Copy out every line of the data exactly; do not include the images.

RECORDED DATA
----------------
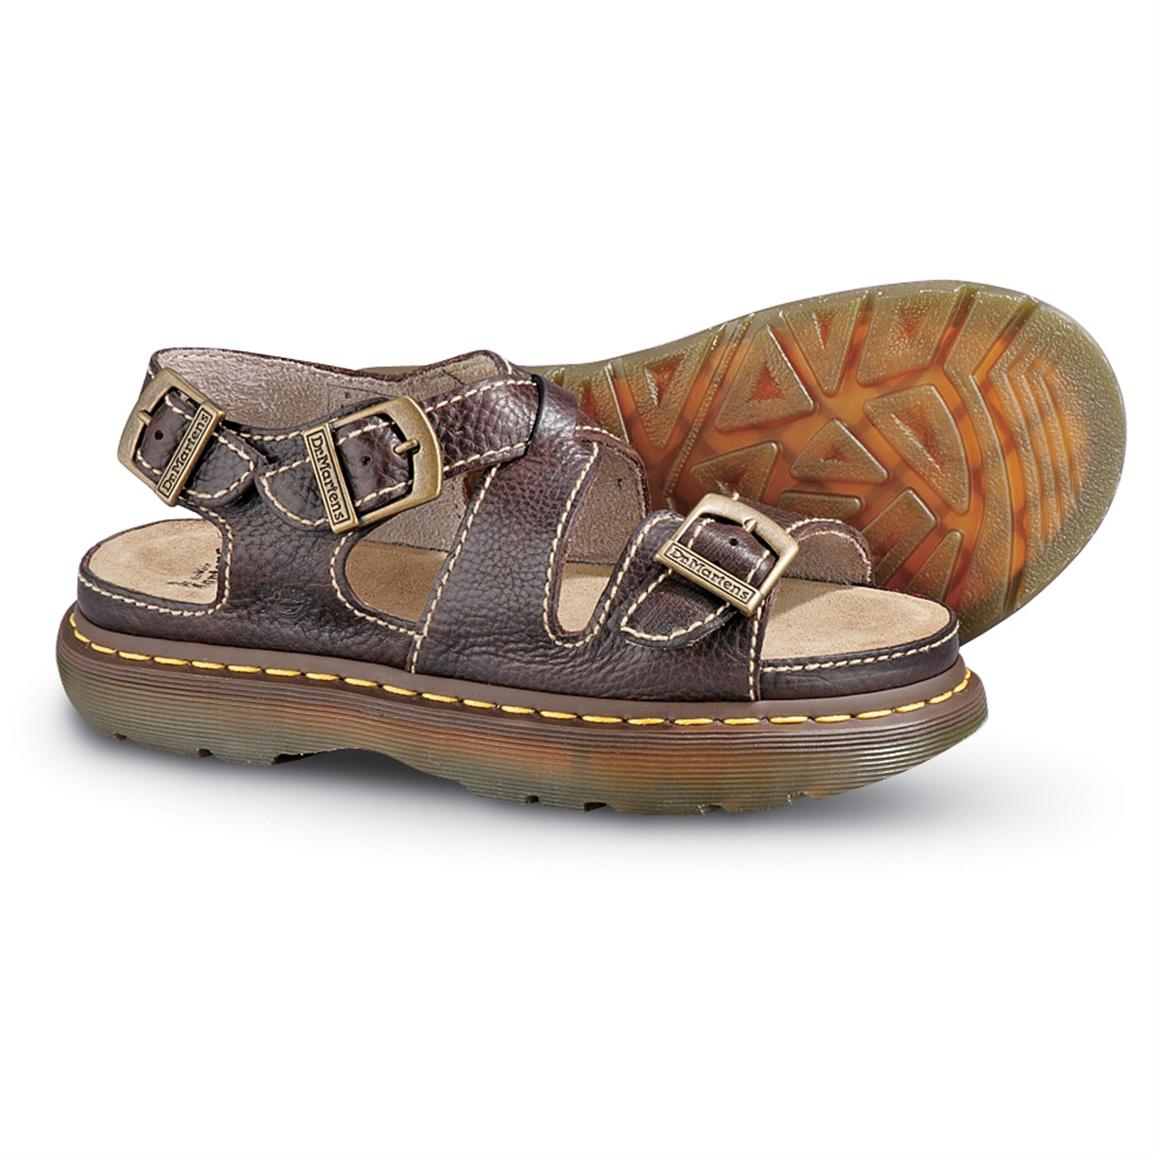 Dr Martens Sandals Mens / Dr. Martens Leather Kennet Sandals In Tan in Brown for Men ... / Our leather sandals are built tough like our boots.
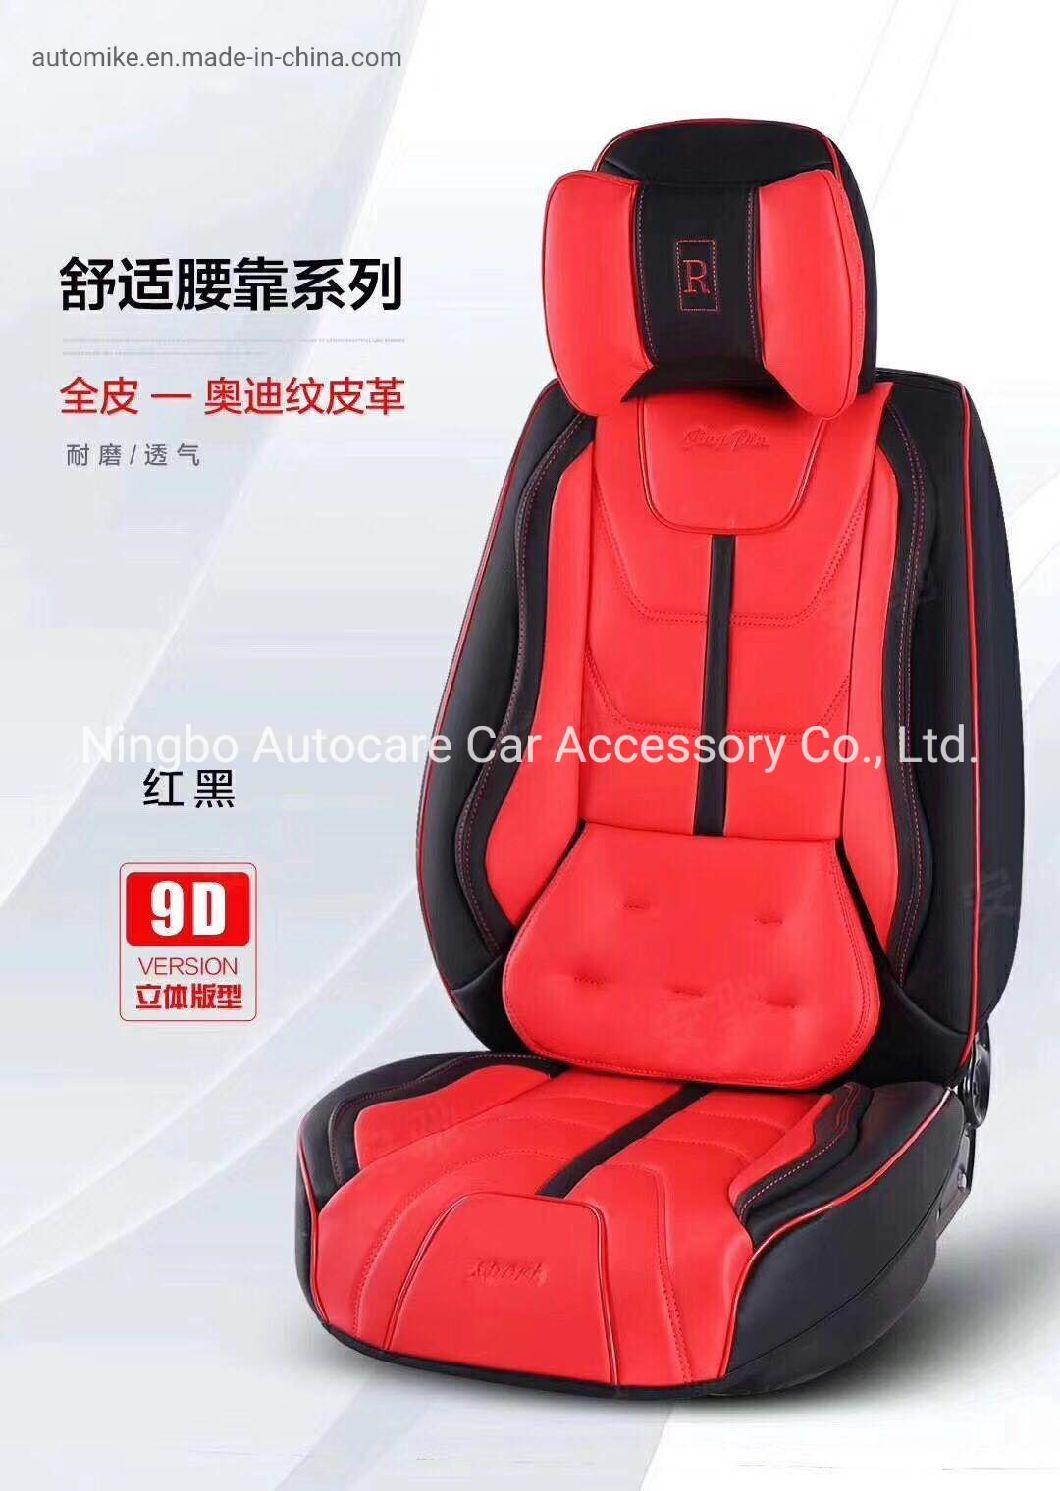 Car Accessories Car Decoration Car Seat Cushion Universal Full Covered PVC Leather Auto Car Seat Cover
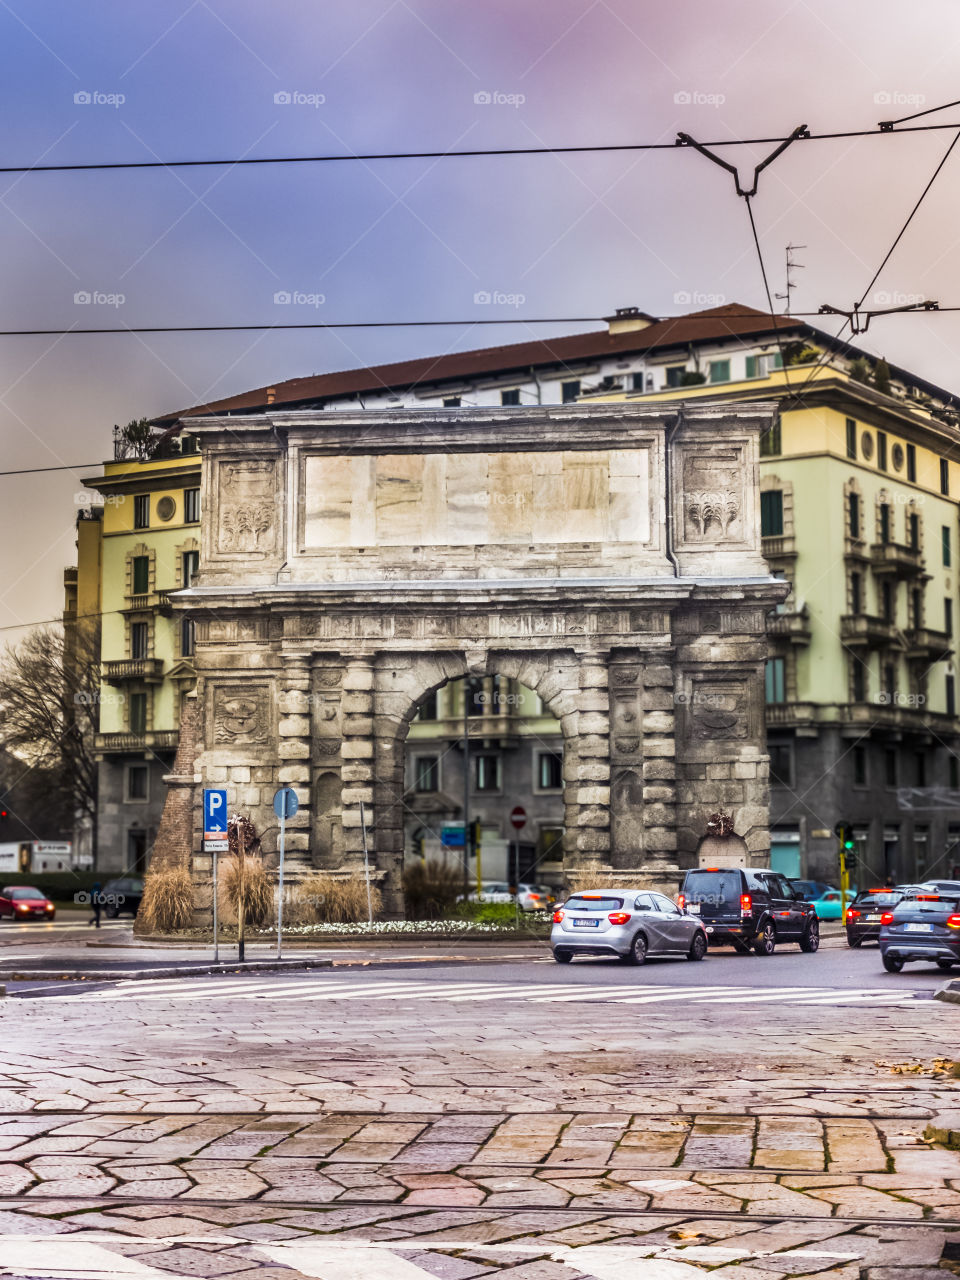 Porta Romana, was the first and the main imperial entrance of the entire city of Milan, as it was the starting point of the road leading to Ancient Rome. Milan, Lombardy, Italy.
----------------
ANSWER TO THE PROBLEM
 Dr Martens Sandals Mens / Dr. Martens Leather Kennet Sandals In Tan in Brown for Men ... / Our leather sandals are built tough like our boots.
 Car Accessories Car Decoration Car Seat Cushion Universal Full Covered PVC Leather Auto Car Seat Cover
 Porta Romana, was the first and the main imperial entrance of the entire city of Milan, as it was the starting point of the road leading to Ancient Rome. Milan, Lombardy, Italy.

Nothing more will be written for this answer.